Write out, with no changes, every line starting at the one that contains "Toy Fishing Boats" and ending at the last line of the data below. Leave pictures out.

* **DATA SEGMENT**:
****************************************

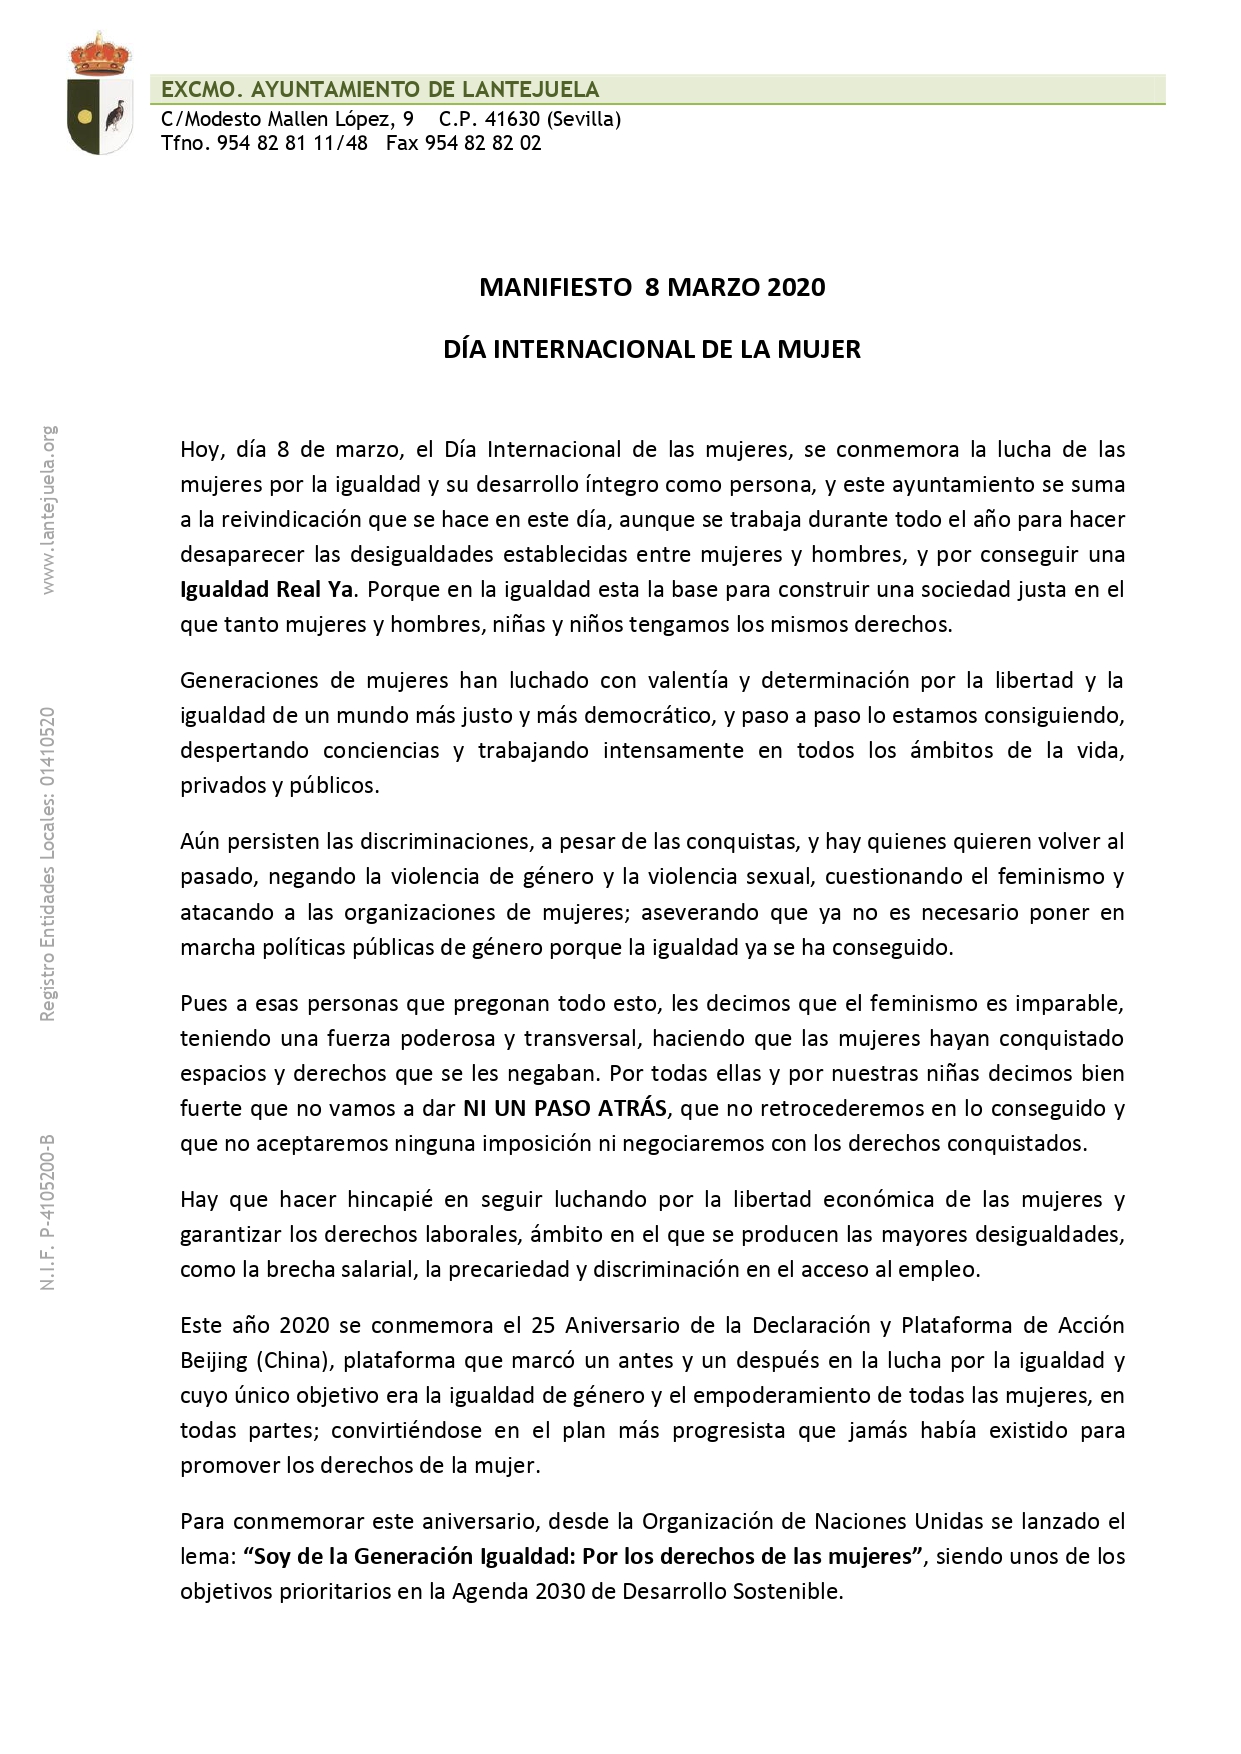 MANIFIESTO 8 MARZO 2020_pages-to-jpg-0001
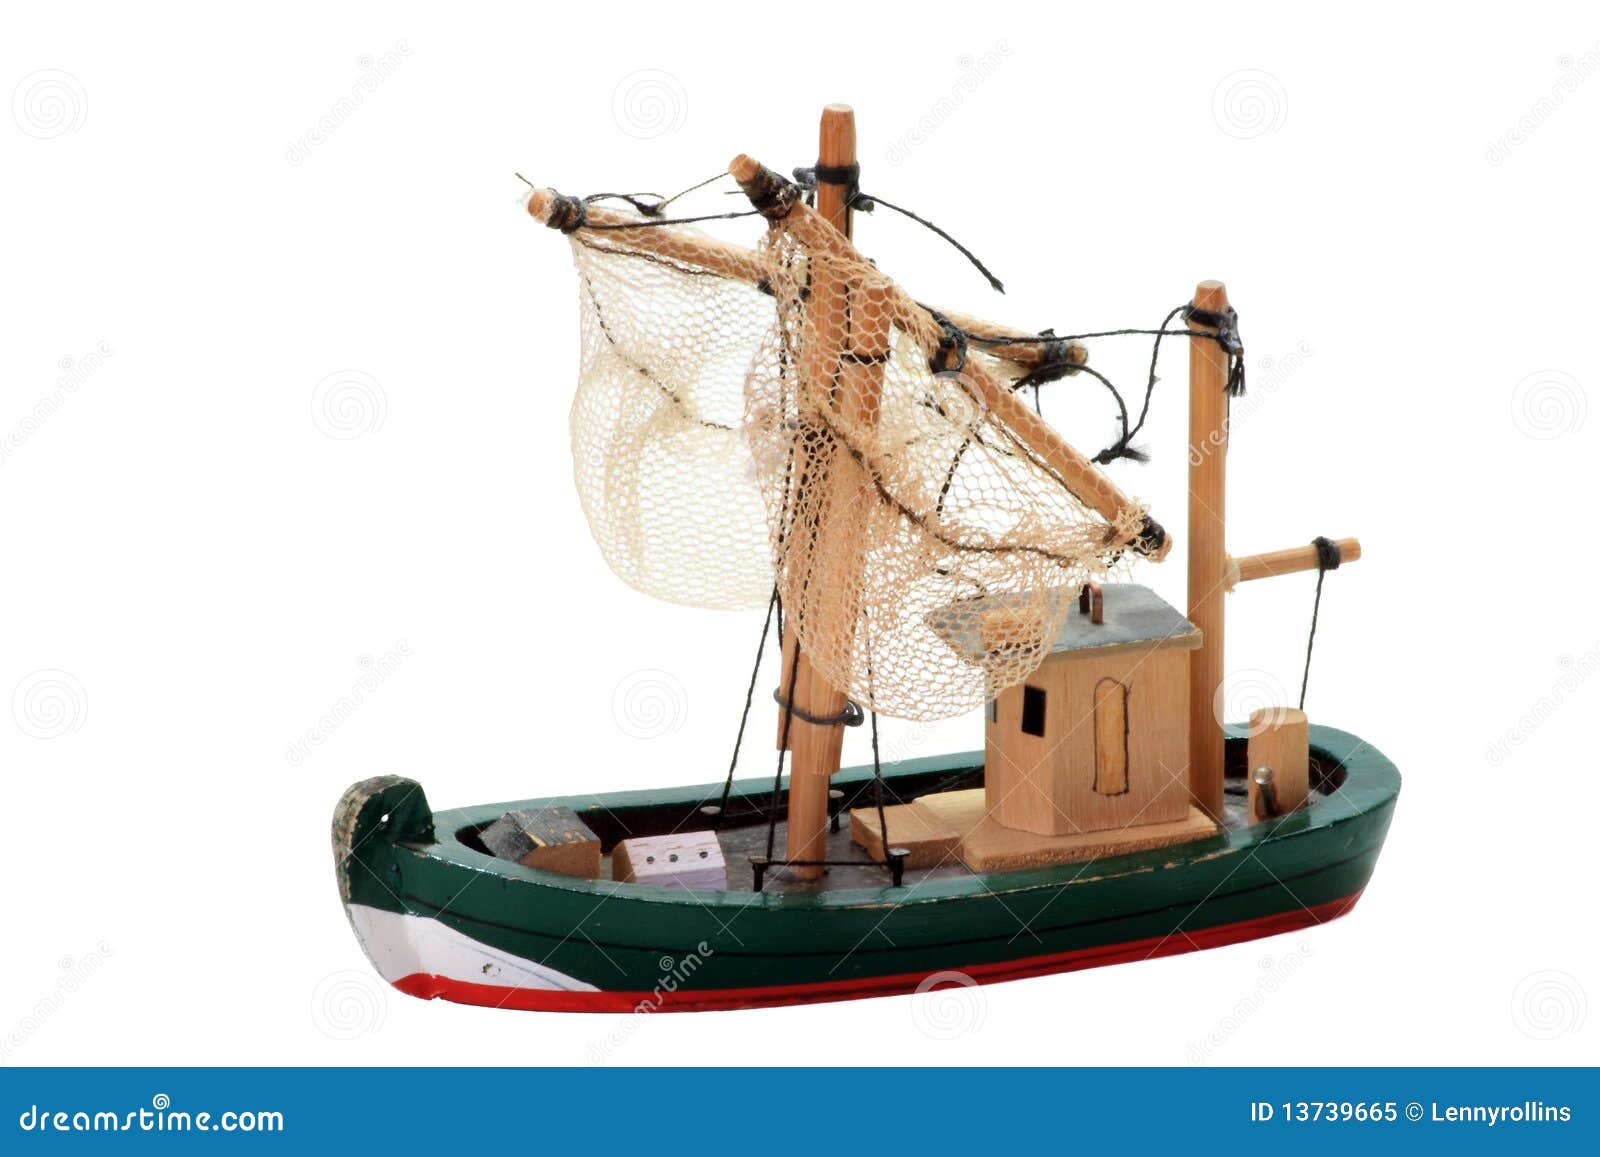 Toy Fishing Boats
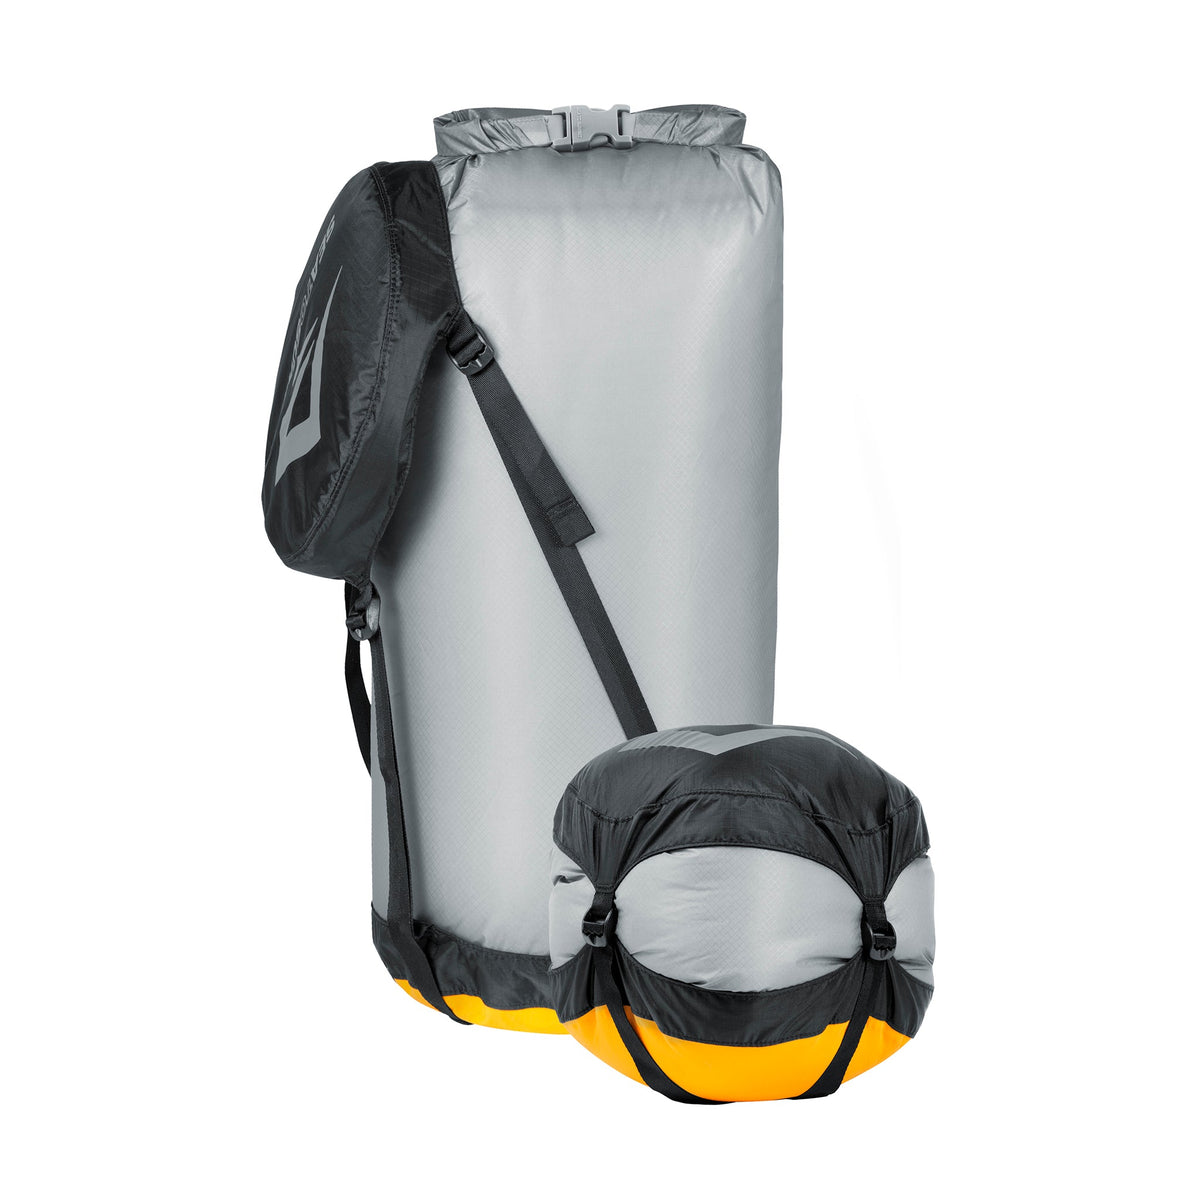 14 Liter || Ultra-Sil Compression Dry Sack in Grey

****************************************

* **ANSWER**:
 Toy Fishing Boats
 14 Liter || Ultra-Sil Compression Dry Sack in Grey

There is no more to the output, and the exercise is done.